Important (should fix)

  • antipasto_ablate.py Contraction claim and coeff bounds: the forward pass applies h = h - coeff * (proj * alpha) @ Chat.T. The core is a contraction only when both coeff and alpha are in [0, 1]. The configs coeff can be any float (the docstring mentions coeff<0 for amplification). There is no runtime clamping of coeff. If the intention is to keep the contraction property structurally enforced, clamp coeff to [0, 1] inside forward() or at least validate it.
  • sspace.py Division by sqrtS without epsilon: xS = (y_eff @ U_r) / sqrtS. For small or zero singular values (e.g., when r is large or W is low-rank) this can produce NaNs/infs. Add a small ε denominator (consistent with the ε used elsewhere).
  • antipasto_ablate.py _orthonormal() calls torch.linalg.qr(c.float()) every forward pass. For large r and many layers this adds non-trivial cost. A lighter reparameterisation (e.g., maintaining c as a matrix with a normalisation step that avoids full QR) might be warranted, but for small (r,k) pairs the current approach is acceptable. At minimum, add a comment noting the per-forward cost.

Suggestions

  • antipasto.py group_init: after the idx sort, idx = idx.sort().values ensures a stable, canonical ordering. This is a nice touch for reproducibility.
  • antipasto_ablate.py The docstring says “CorDA-orient the basis from input covariance … the ablation is OUTPUT-side and CorDA's U stays orthonormal …”. The forward code correctly uses the orthonormal U for output projection, so the contraction in S-space carries over to the output.
  • sspace.py The signed gate correctly preserves cos sign, so anti-aligned tokens receive a negative gate * alpha and are pushed opposite to dS_hat.
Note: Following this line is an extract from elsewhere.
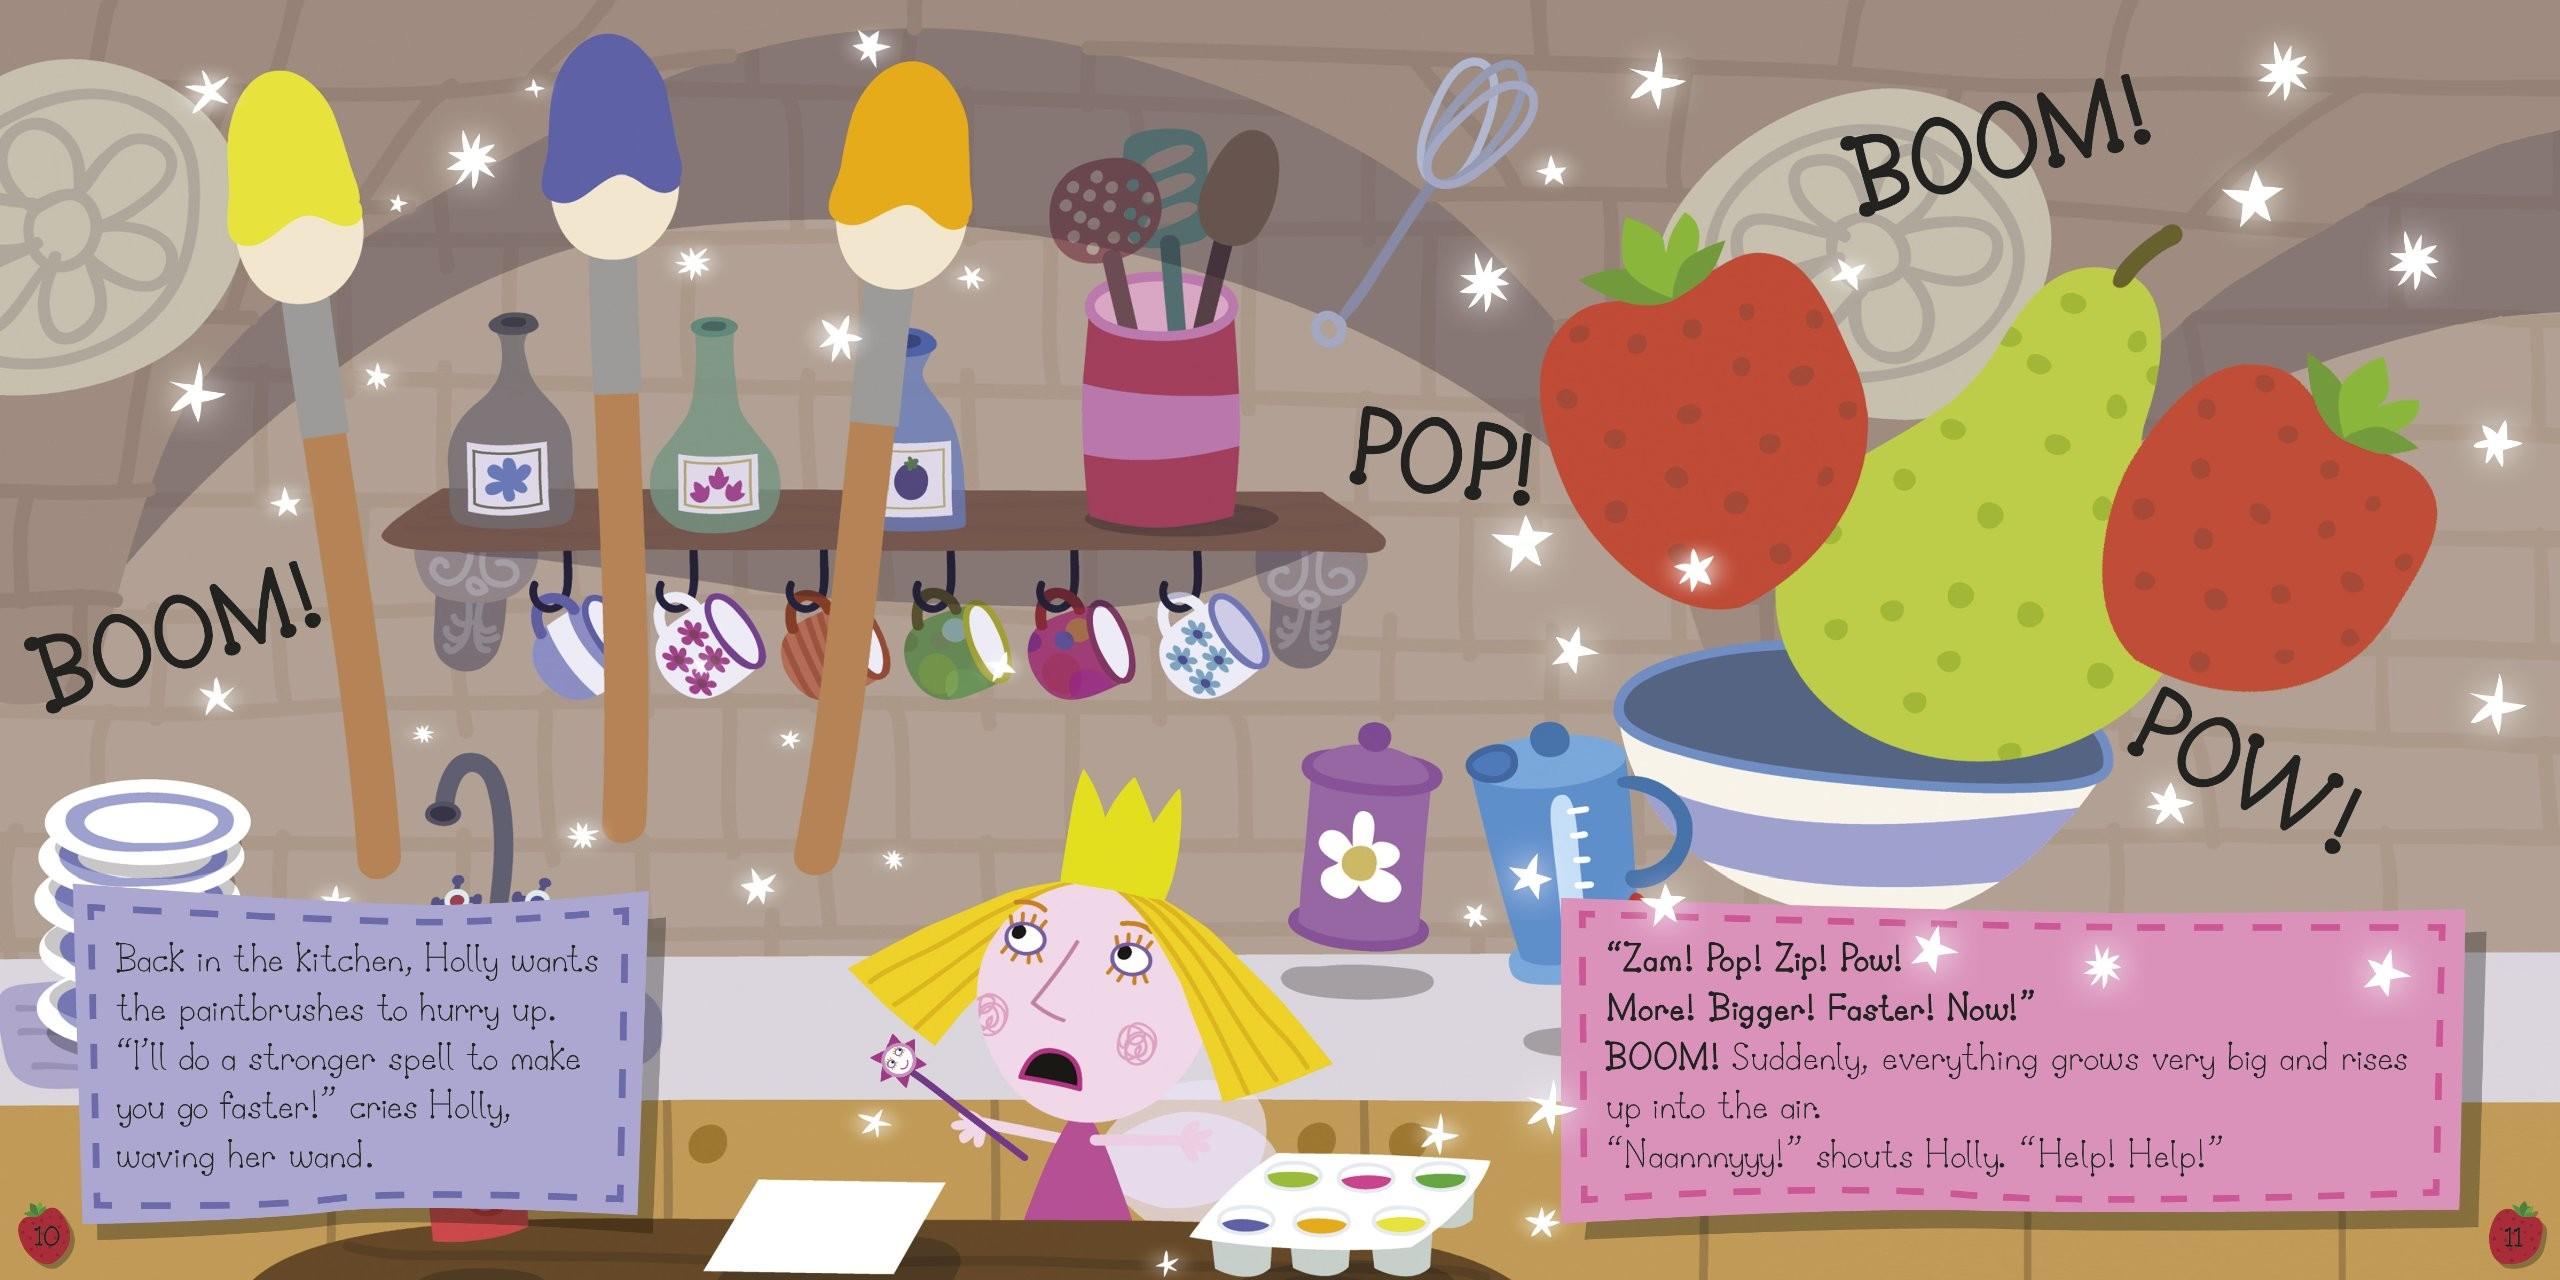 Ben and Holly's Little Kingdom: Ben Elf's Birthday Storybook (Ben & Holly's  Little Kingdom): Amazon.co.uk: Ladybird: 9781409308881: Books

Verified.

Positive

  • The documentation is thorough, explaining the design choices (why 1+ELU, why contraction, why CorDA), and includes references.
  • The PiSSA-style W_res decomposition is implemented correctly across all variants.
  • antipasto.pys S_eff = S * (1 + ELU(coeff*g)) is indeed C1, positive, and identity at g=0 — no sign-flip bugs.
  • antipasto_ablate.py enforces orthonormal Chat and clamps alpha to [0,1], making the contraction property safe when coeff is also bounded.

Verdict

REQUEST CHANGES

group_init() must reset the trainable parameters after it changes the SVD basis; without this, the adapters silently poison their own steering gains with a different set of directions. Fix that and the code is ready.


Note: The sspace.py and _cost.py files are part of the same move into lora-lite and are free of the parameter-reset issue; the only concern in sspace.py is the unprotected division by singular values.